Anno C – 1a domenica del Tempo di Quaresima
Lc 4,1-13
FRAMMENTO DI VANGELO
Basta un frammento di Vangelo, una parola, un verbo, un aggettivo per rapire il tuo sguardo e poi la tua mente e poi il tuo cuore e ritrovare così in esso il lieve soffio di un passaggio, quello di Gesù, che ancora si intrattiene con te e a te parla di Sé e delle cose del Padre suo e, ora, del Padre tuo. In un frammento di Vangelo hai possibilità di scoprire, e finalmente di abitare, il tutto dell’amore di Dio.
45 Allora il diavolo disse a Gesù:
«Se tu sei il Figlio di Dio…».
IL FILO ROSSO DEL VANGELO
Ciò che ti attraversa e che lega la tua storia personale a quella di Gesù, un pensiero, un’emozione, uno sguardo verso il cielo, il tuo trattenerti in meditazione e in preghiera su un frammento di Vangelo, via via si trasforma nel filo rosso di una passione, la tua, un filo che al suo passaggio attraversa i mille intrecci del tuo vissuto personale e che tutto di te lega alla trama di una relazione che fa della tua vita il ricamo amorevole del Padre.
Dal granello di sabbia al passo dell’elefante
tutto è memoria nella mia vita, quando
dentro il mio viaggio cerco amore,
per amare l’amore di un sogno di presente,
oltre montagne e strapiombi di passato…
Ogni desiderio ha una partenza nell’orologio del cuore
e un arrivo di piedi dentro un tempo che ora non conosco,
dopo essermi scritto addosso centimetri di mie verità,
perché ciò che mi appartiene non sia dolore
ma passi sudati di cambiamento e di arrivo,
per entrare e per respirare dentro un amore puro.
Non posso vivere di paure, di attaccamenti,
di separazioni, di abbandoni… e di morte.
Un poco oltre il superamento di questi conflitti
ecco che inizio a conoscere il mio silenzio,
la gioia e la purezza di questo mio andare,
viaggiare e varcare lunghissimi istanti di me
verso quell’infinito che non ha tempo se non in Te.
Tu mi ricordi che importante è viaggiare dentro,
un cammino interiore, dal desiderio alla ricerca,
per dare valore nobile alla mia esistenza,
senza più armadi pieni di valige piene di idee,
vissuti di pelle che non mi appartengono e che altri
hanno messo lì, tanto per riempire di loro la mia vita.

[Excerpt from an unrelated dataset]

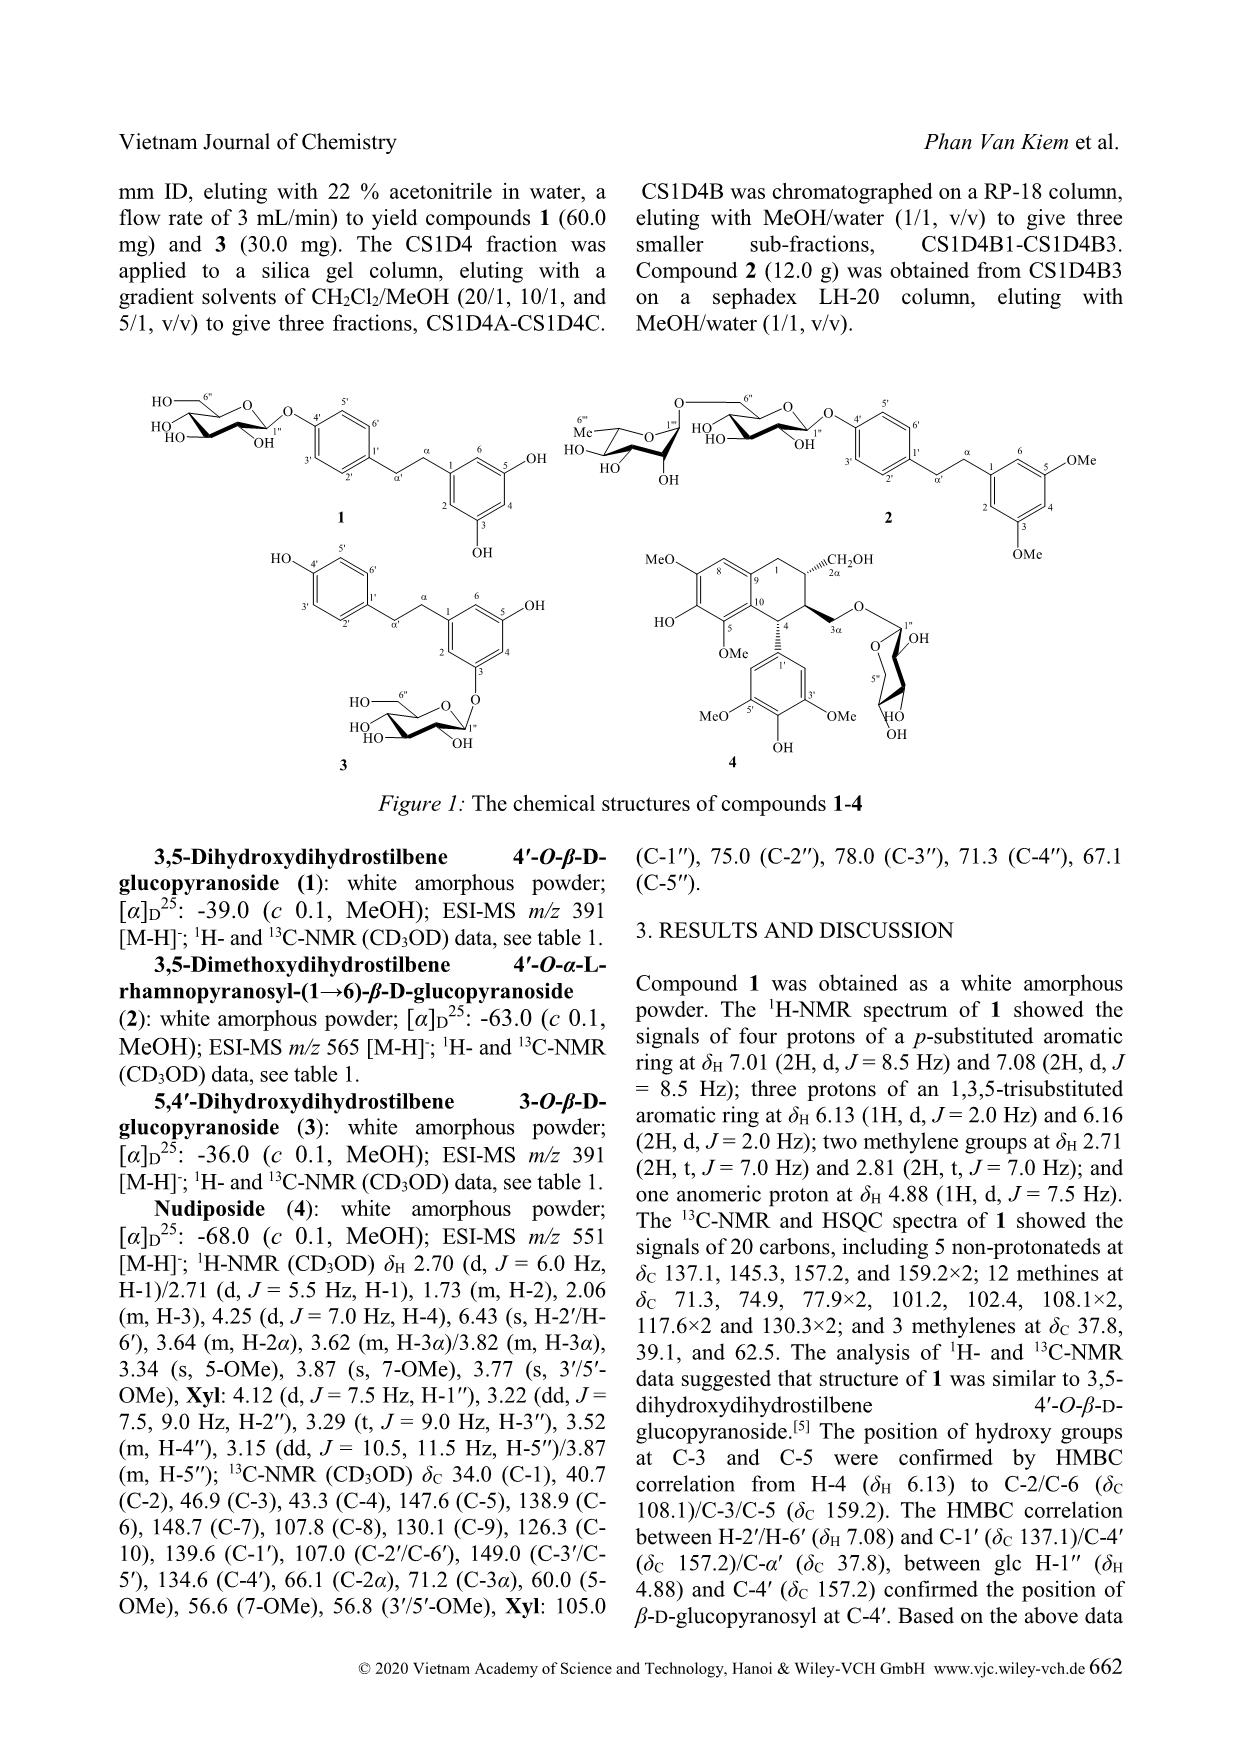 Dihydrostilbene glycosides and lignan from Camellia sasanqua trang 2
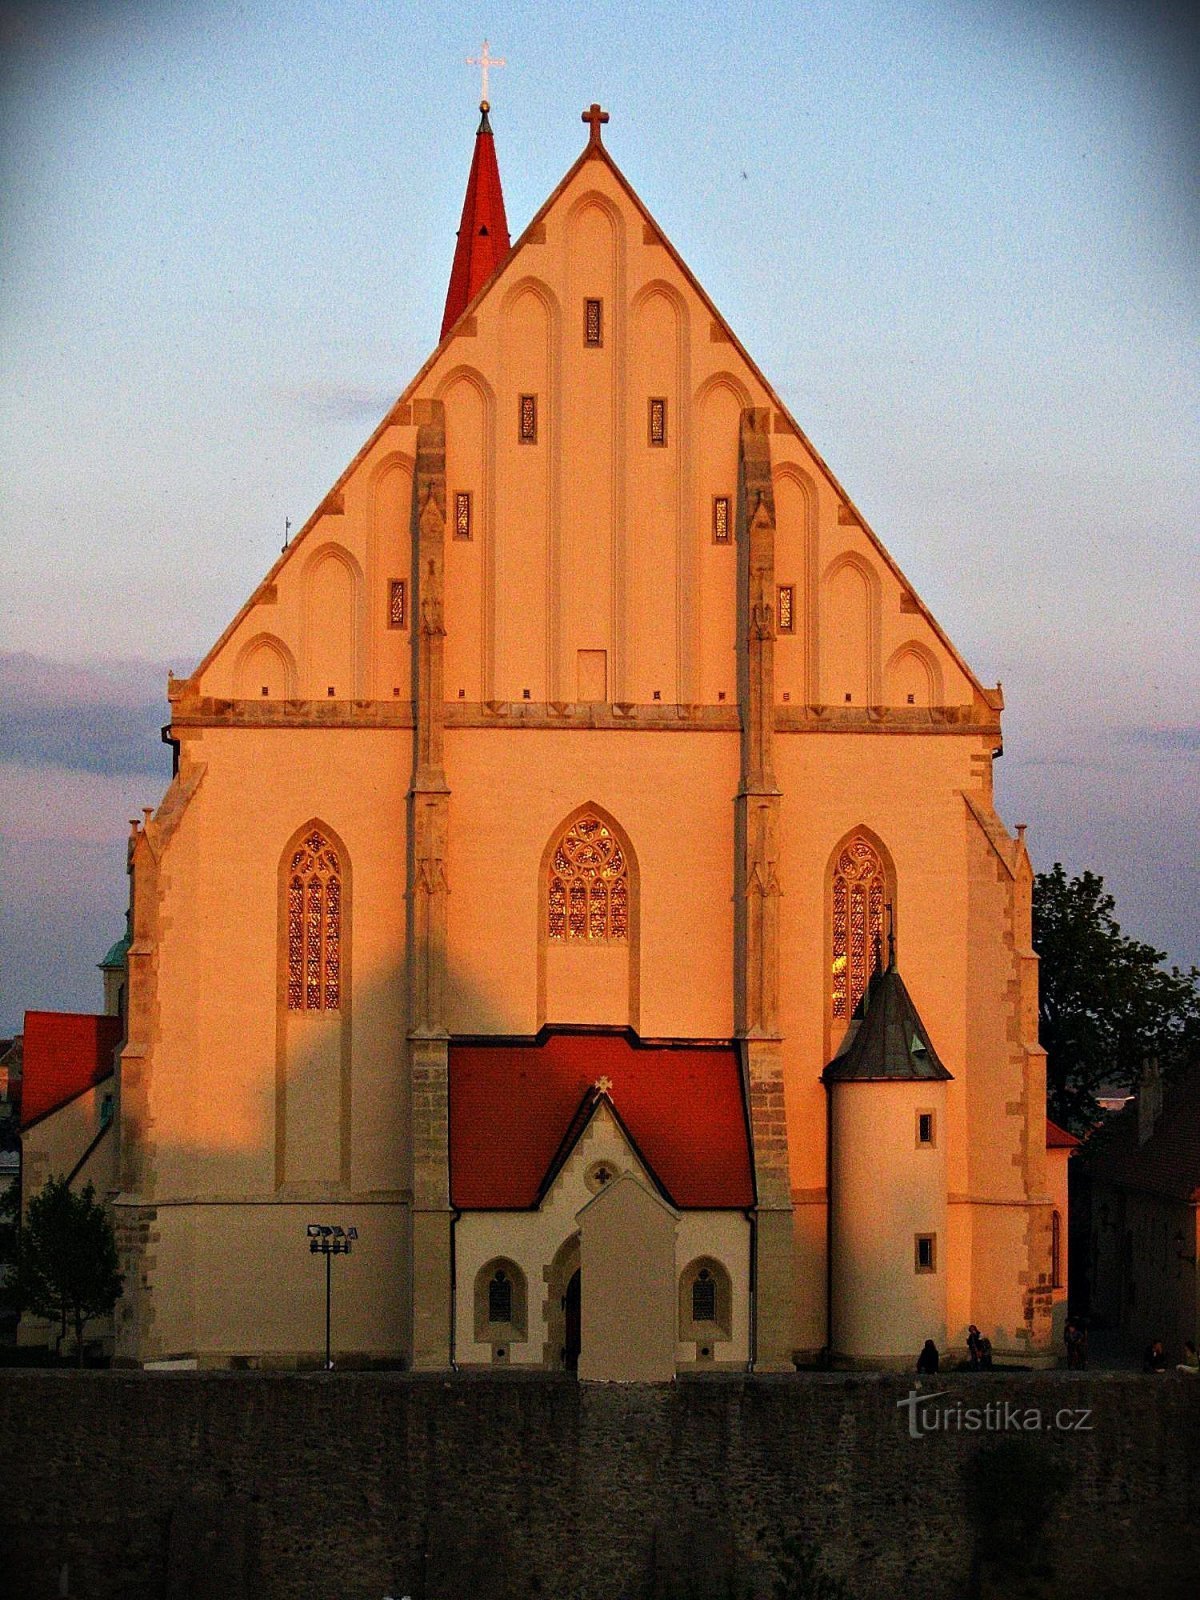 La iglesia más hermosa de Znojmo

Tu mi dici che nella nobiltà del silenzio
è possibile scoprire la nobile fertilità del deserto,
lo spessore solubile delle tentazioni, da quelle superficiali
a quelle profonde di memorie allungate;
tentazioni che recidono le radici del mio essere
e che mi incatenano ai secondi delle mie fragilità,
e che tentano disperatamente di fare di me e della mia vita
un vivere in un museo, tra stanze impolverate di memorie.
Se in un attimo il mio tutto vive dentro e fuori di me,
abitare le domande mi salva la vita; è rinascita di senso;
è scoperta di come credere ancora alla tua paternità;
è misura di quanto sentirmi sicuro sulle tue spalle;
di come continuare oggi a solcare il mio piccolo sentiero,
anche se gli altri vorranno fermarsi perché, forse,
non sono ancora pronti all’intensità del tuo amore.
A ogni angolo di strada, che racconta come io e tutti
non siamo figli e figlie di nessuno, ma unicamente di Te,
la vita non è mai la stessa, l’amore non si ferma mai,
qui dove nel mio deserto il mio silenzio ora tu lo senti
gridare e riecheggiare nel tuo cuore di Padre.